Irinotecan and topotecan, appear to penetrate the BBB better and exert anticancer activity for brain metastases (58-60). A multicenter phase II study was conducted to evaluate the efficacy of single agent topotecan in 30 patients with SCLC who relapsed with symptomatic brain metastases after previous chemotherapy (30 patients) and whole brain radiotherapy (8 patients). Twenty patients received the initially planned topotecan 1.5 mg/m² as a 30-min intravenous infusion for 5 consecutive days every 3 weeks, with the last 8 patients received reduced dose topotecan 1.25 mg/m² due to the observed thrombocytopenia (58). An impressive 33% overall response rate, including 3 complete responses and 7 partial responses, and well-tolerated hematological side effects was reported (58). In another phase II trial, 80 patients with metastatic or relapsed SCLC were treated with irinotecan 200 mg/m² (chemotherapy naïve patients) or 150 m² (previously chemotherapy treated patients), in combination of carboplatin AUC of 5, every 21 days for 6 cycles. An analysis of 14 assessable patients with brain metastases in this study revealed an impressive overall response rate of 65% after 2 cycles of chemotherapy, and a median survival of 6 months (60).

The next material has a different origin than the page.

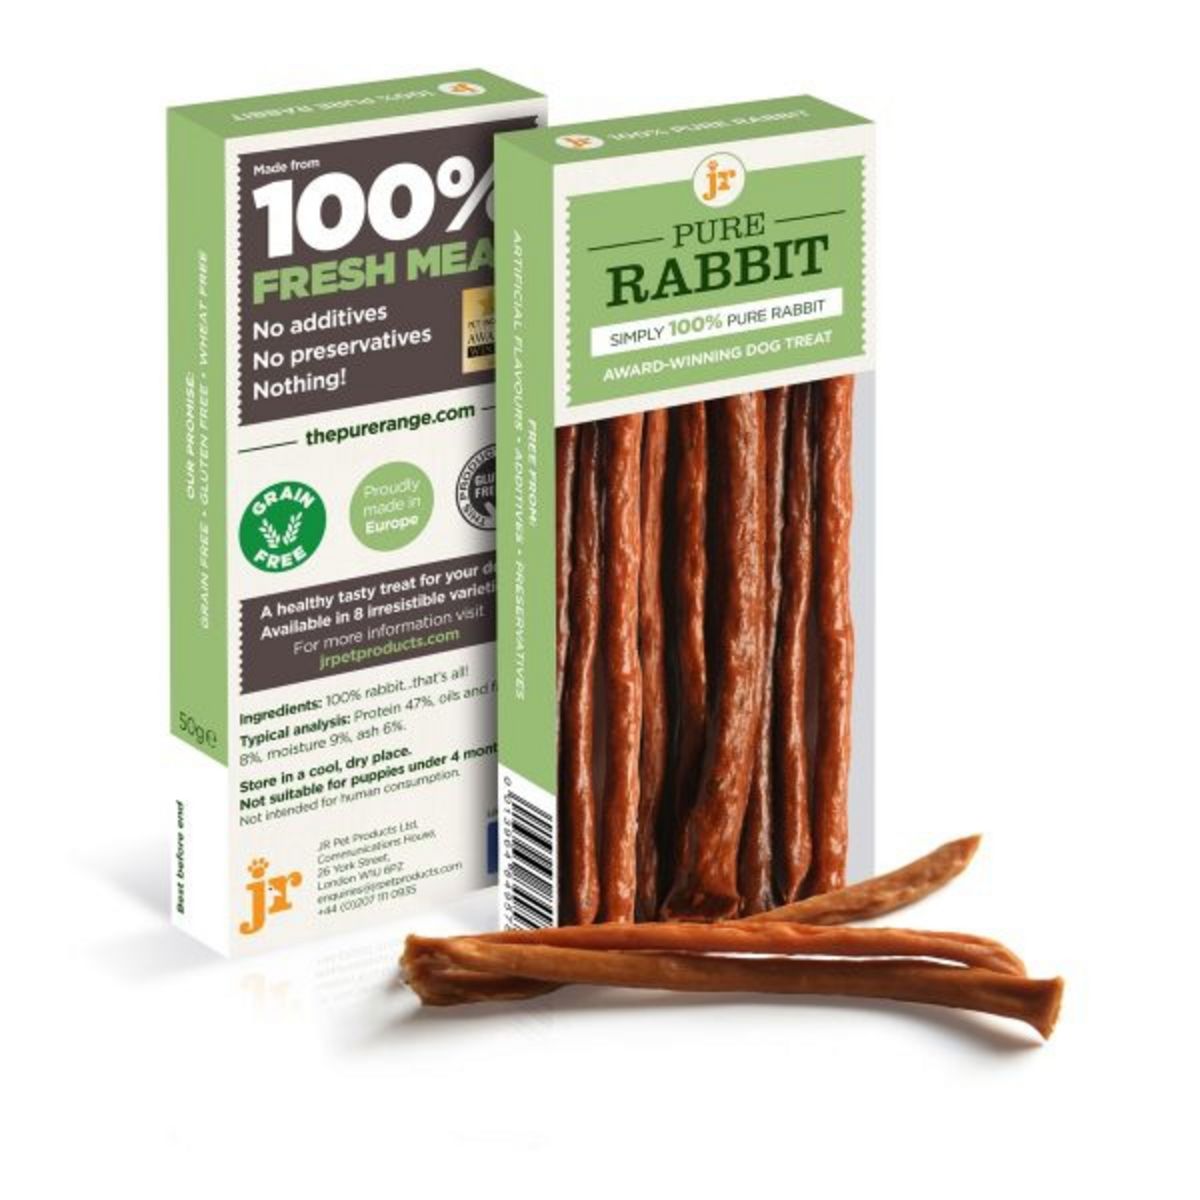 JR Pet Products - Pure Rabbit Sticks

Clinical trials have demonstrated that irinotecan and topotecan are active anticancer drugs with potent cytotoxicity and radiation sensitization activity for lung cancer. The optimal combination with other chemotherapy drugs, as well as scheduling between TOP1 drugs and thoracic radiotherapy for the treatment of lung cancer remains to be defined. The promising role of irinotecan and topotecan in treating SCLC patients with brain metastases requires further investigation.